Até entender que a barragem estava se rompendo, Carlinhos diz que se passaram menos de cinco minutos. Ele e o supervisor Gleison, que dirigia a caminhonete usada para salvar cerca de 30 pessoas, saíram em direção a outra área da mina e ainda cortaram caminho, para chegar ao ponto de destino mais rápido, mas a lama os obrigou a mudar o caminho. “Em vez de ir no retorno, ele foi só na metade do caminho, passou pela contramão e subiu. Quando chegamos na cancela, onde tinha que apresentar o crachá, eu vi um poste caindo longe. Eu falei: Caiu um poste ali, será que foi um caminhão que bateu nele? Ele respondeu: Uai, Carlinhos, esquisito, né?”.

O diálogo entre os amigos continuou com a surpresa de ver outro poste cair. “A gente pensou, quando um poste caiu, puxa o outro, né? Mas Deus ajudou e um britador subiu numa altura, voltou e deu umas três sacudidas e eu falei: Gleison, é a barragem que estourou, é a barragem. Nisso, ele ficou frio, e mesmo com o barro vindo, ele virou a caminhonete pra gente descer. Eu falava: Gleison vira, vira, vamos embora, o barro, o barro.”

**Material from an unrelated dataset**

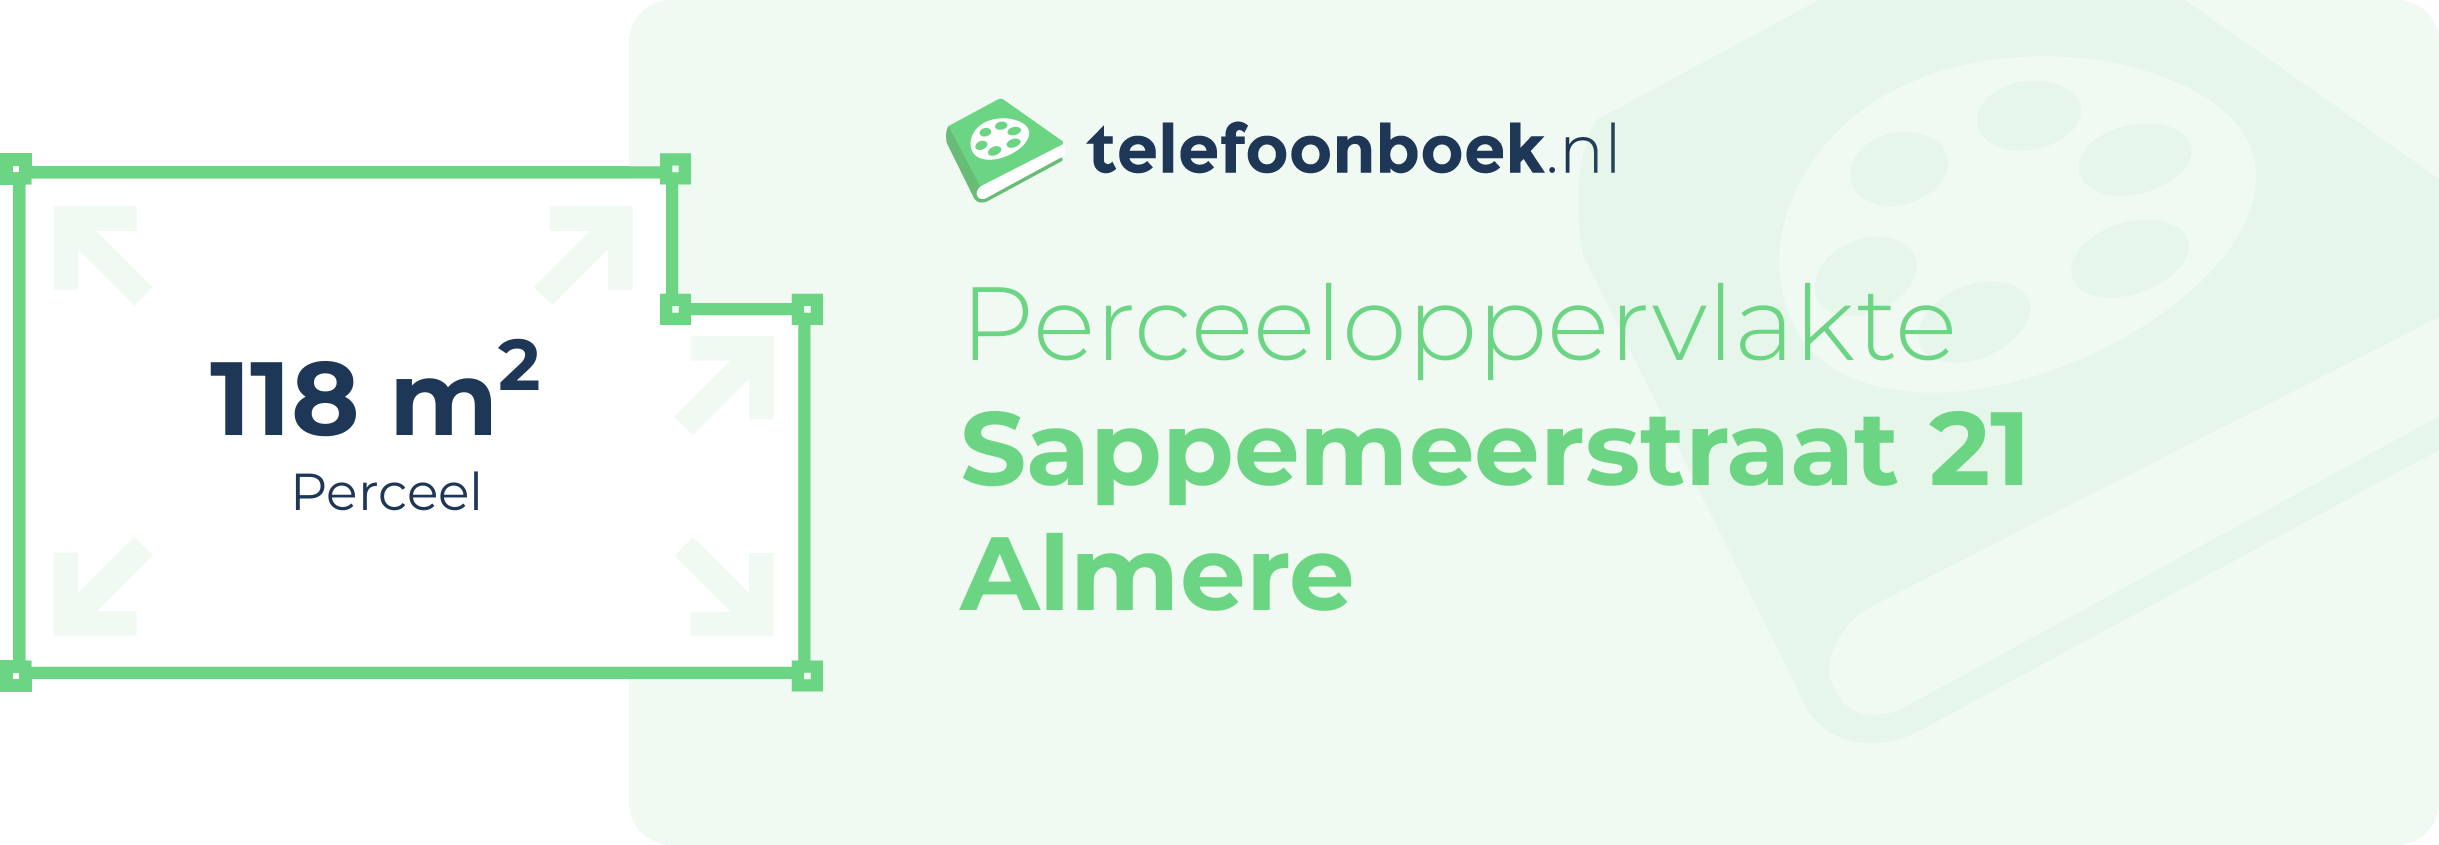 Perceeloppervlakte Sappemeerstraat 21 Almere

O drama de Sirlei Ribeiro não foi diferente. O marido dela, o engenheiro geólogo Edson Luiz Albanez, conversou com o EM sobre o último dia de vida da mulher e registrar o trabalho de Sirlei na comunidade. Ela colocou nomes em ruas e lâmpadas em postes e mediava, junto a empresas mineradoras, melhorias para os moradores da região.

Secretária municipal de Desenvolvimento Social de Brumadinho, coordenadora do curso de direito da Faculdade Asa e advogada, Sirlei era casada e não tinha filhos. Nasceu em Brumadinho, na Região Metropolitana de Belo Horizonte, mas cresceu no Córrego do Feijão – onde o pai trabalhava na área de mineração. Levava uma vida muito simples na zona rural. “Ela queria abraçar todos os problemas do mundo”, contou o marido, que a conheceu há 13 anos.

Desde jovem, passou a lutar inquietamente pelos direitos dos moradores do local onde viveu e pelo qual era apaixonada. Reorganizou a Associação de Moradores e brigou por melhorias na estrutura da cidade. “Revitalizou o cemitério, a igreja e o campo. Além do mais, colocou nome nas ruas – que até então não eram identificadas - e lâmpadas em poste. O propósito era mostrar para as pessoas que aquilo que elas não viam como opção era possível”, contou o marido. Sirlei promovia festas na comunidade e ainda foi uma das responsáveis pela mobilização para a criação de um time de futebol no município.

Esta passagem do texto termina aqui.